This article is written by Abhilasha Manturgekar, a student of ILS Law College, Pune
We all have been fervent spectators of the Pandemic. It was a year full of disorderliness for us commonalities, the Government, and business mammoths. The SARS-CoV-2 (Corona Virus – Epithet) has made some drastic changes in the business sphere. Although the Pandemic was a health emergency, it has laid down some ear-piercing impacts on the business sector.
Matters about liquidation were on a rise in 2020. The total number of organizations that entered into insolvency proceedings in 2020 was 2442. The majority of these cases came from the manufacturing sector. As per the information received from the Insolvency and Bankruptcy Board of India (IBBI) –
- 283 firms went into Corporate Insolvency Resolution Process (CIRP),
- 76 of these CIRPs resulted in resolutions; 128 were closed due to withdrawal, and 189 were liquidated,
- 30 Corporate Entities were dissolved/sold,
- 59 Corporate Entities went for the corporate liquidation process.
Economic recessions, since coons’ age, have been linked with an increase in insolvency filings, and hence this Pandemic is not any different. The factors responsible for such insolvencies or bankruptcies are lower sales, high unemployment, the existence of many irregularities in the balance sheet, and the capacity to endure liquidity challenges amidst the Pandemic.
But before we dive deep into Insolvency & 2020, we must hark back to the basics of Insolvency and Bankruptcy.
What is insolvency?
Insolvency is when an individual or an organization is no longer in a capacity to meet its monetary obligations. Such persons or organizations then get convoluted in insolvency proceedings. Such proceedings can be of any manner, such as,
- entering into informal agreements with their creditors,
- compiling alternative clearance/settlement arrangements
In India, we have the Insolvency and Bankruptcy Code, 2016. This bill acts as an umbrella for all insolvency procedures in India. The Act came into force on December 1, 2016. The act aims to provide clarity and consistency in law to support different stakeholders labored and affected by business failures or due to inabilities in paying back debt.
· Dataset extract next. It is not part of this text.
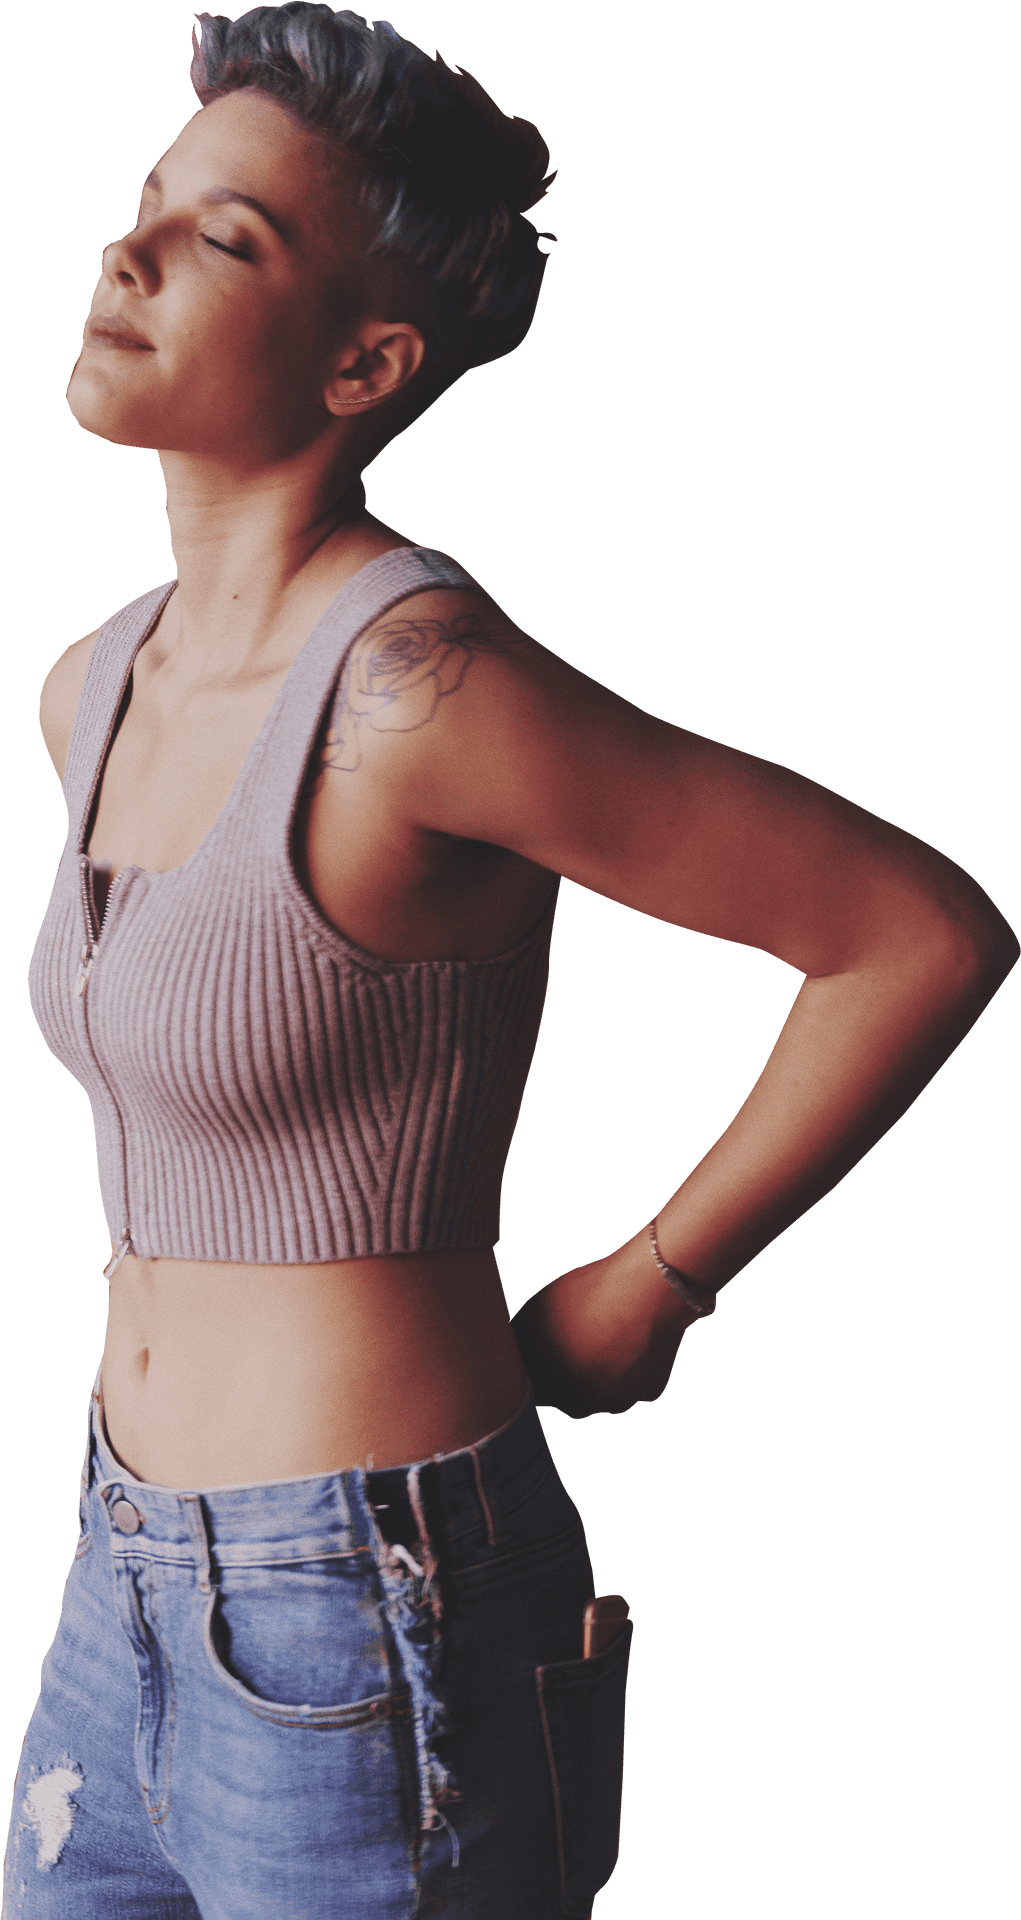 Abella Danger Muscle Pose PNG Image - PurePNG | Free transparent CC0 PNG  Image Library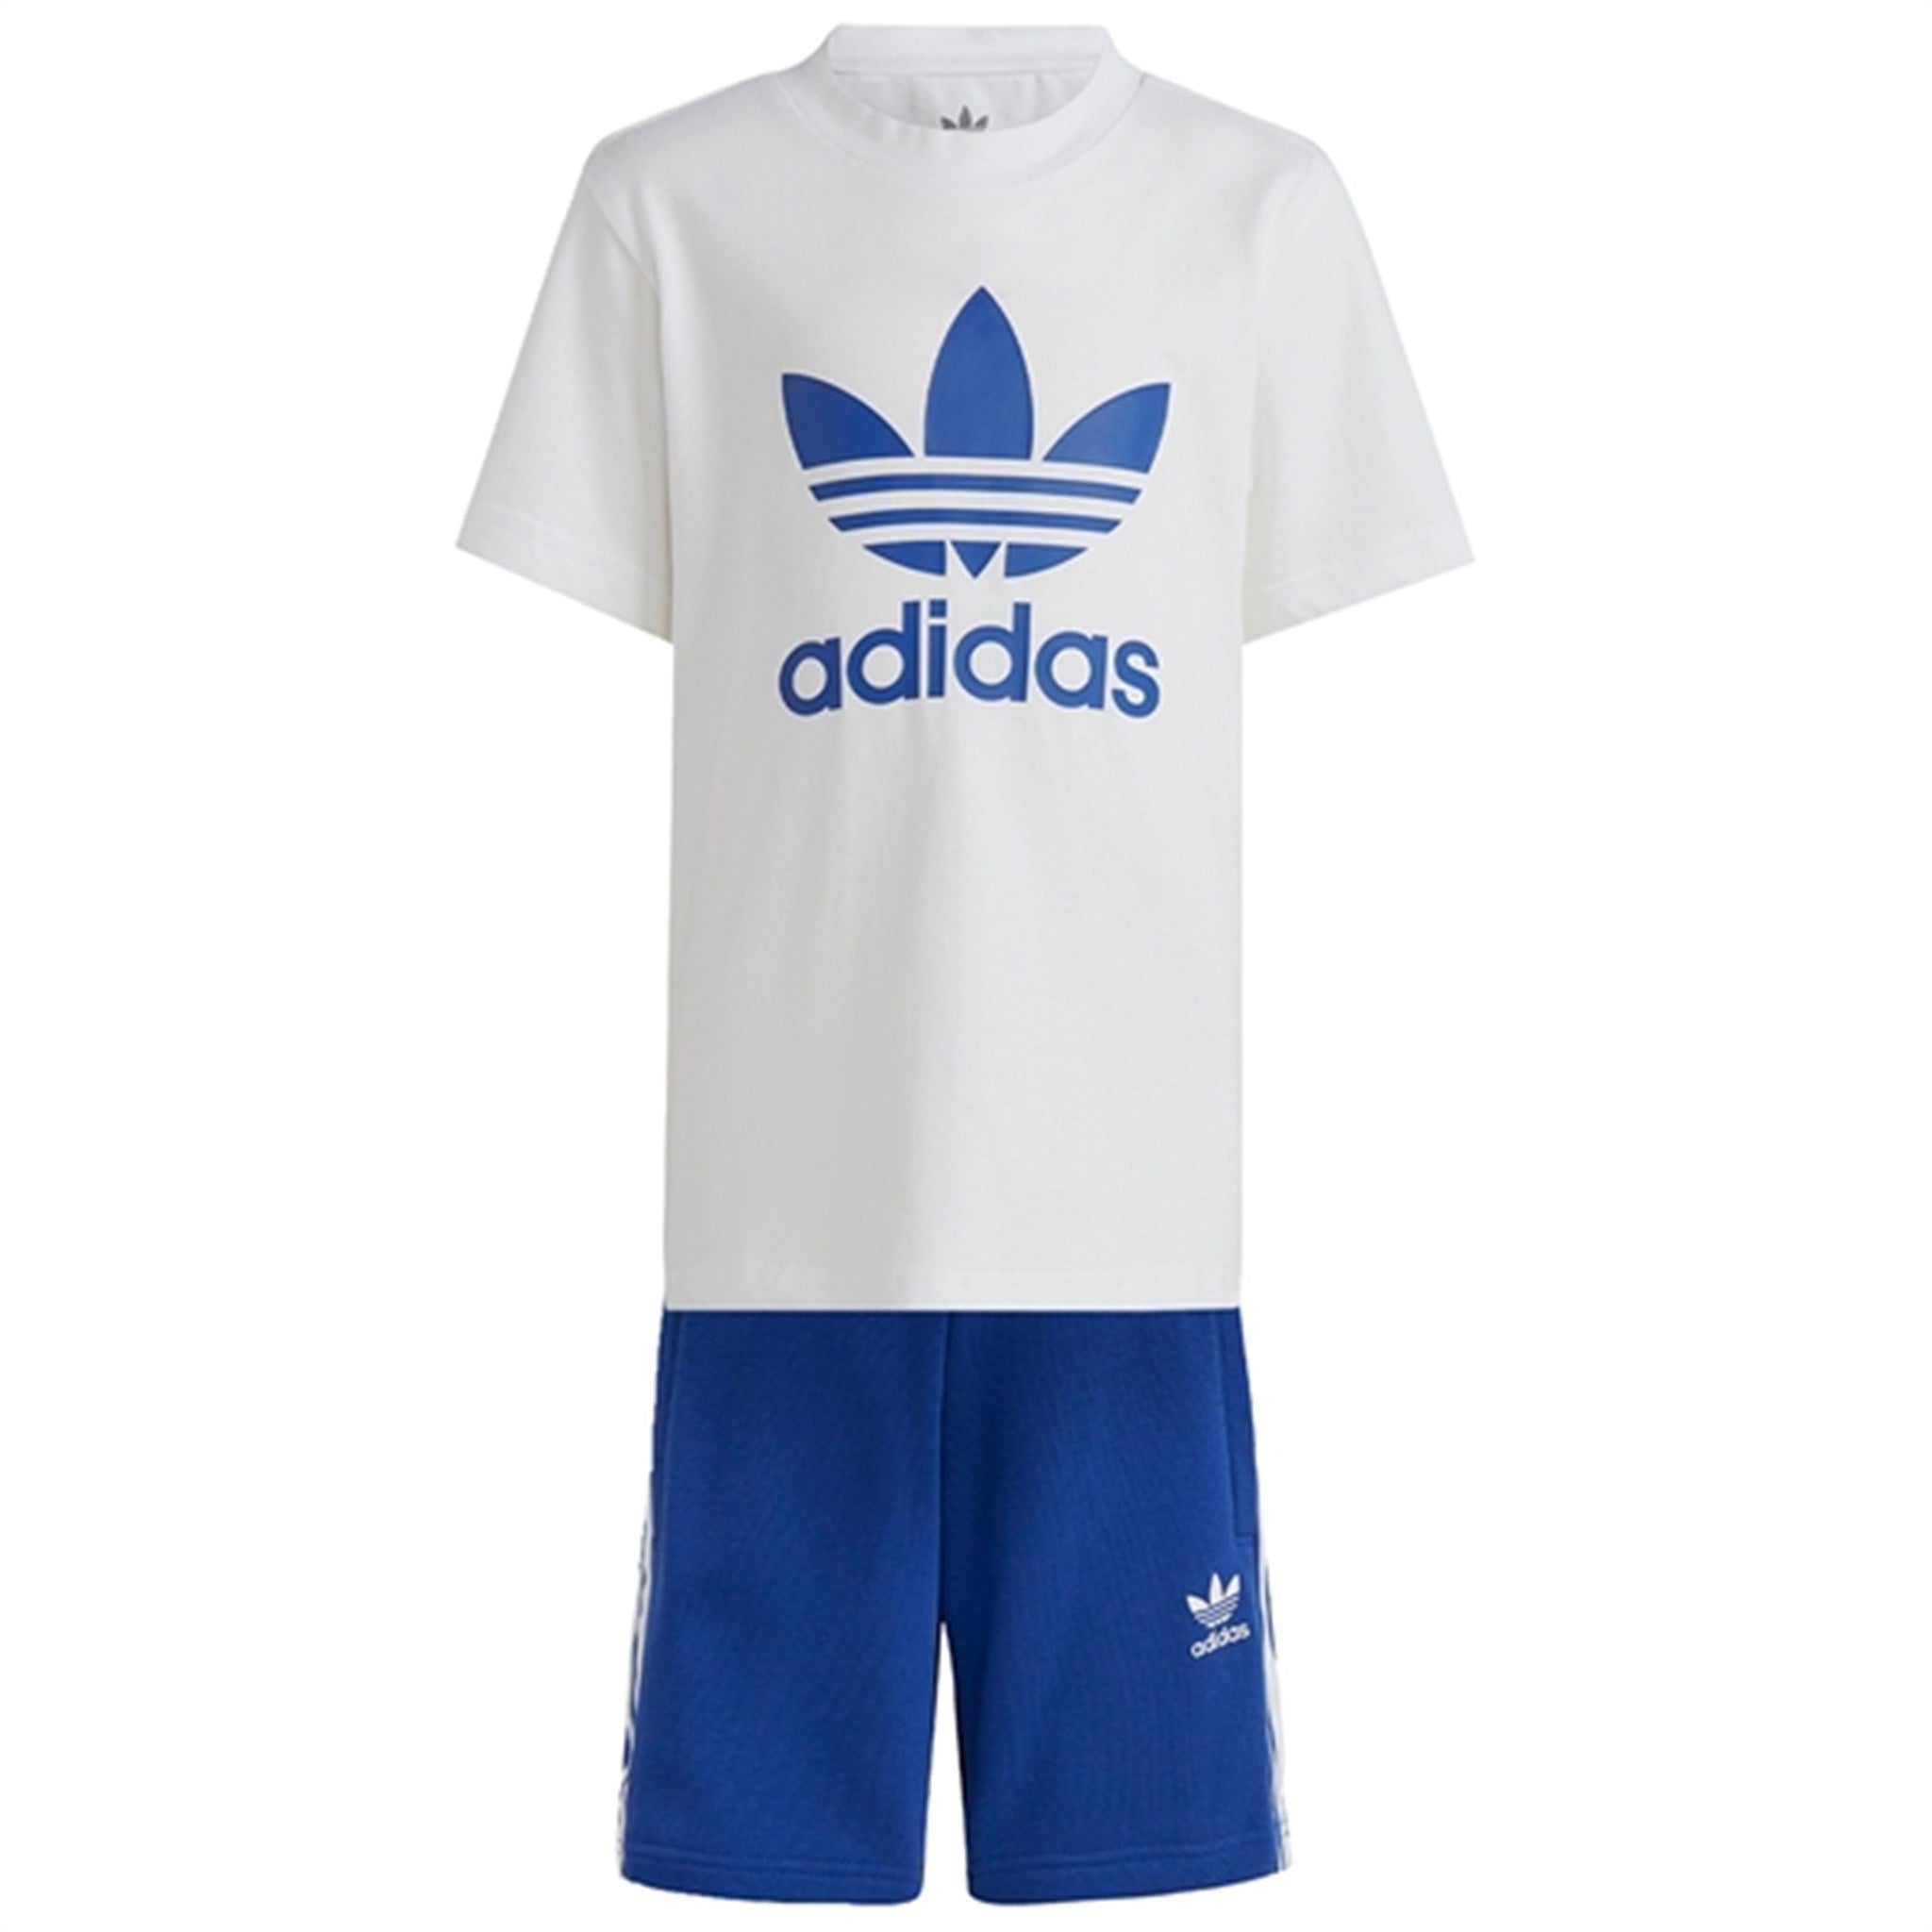 adidas Originals White / Blue Shorts Tee Set

How the Act Acted during the Pandemic:
In June 2020, the President came forth with the Insolvency and Bankruptcy (Amendment) Ordinance, 2020 (henceforth called “Ordinance”) as a measure to support business organizations affected by the Pandemic. The ordinance brought with it some key alterations to the Insolvency and Bankruptcy Code, 2016.
SECTION 10A – This Section was inserted in the Code to restrict applications that were filed for the initiation of the Corporate Insolvency Resolution Process (CIRP). This was done to keep within bounds all applications against defaults arising after March 25 of 2020, for a time limit of six months or such period, but not exceeding a year from March 25 of 2020.
Further, a provision was also attached stating that no application shall ever be filed for initiation of Insolvency Procedure based on a default committed during this period, i.e. arising after March 25 of 2020 for six months.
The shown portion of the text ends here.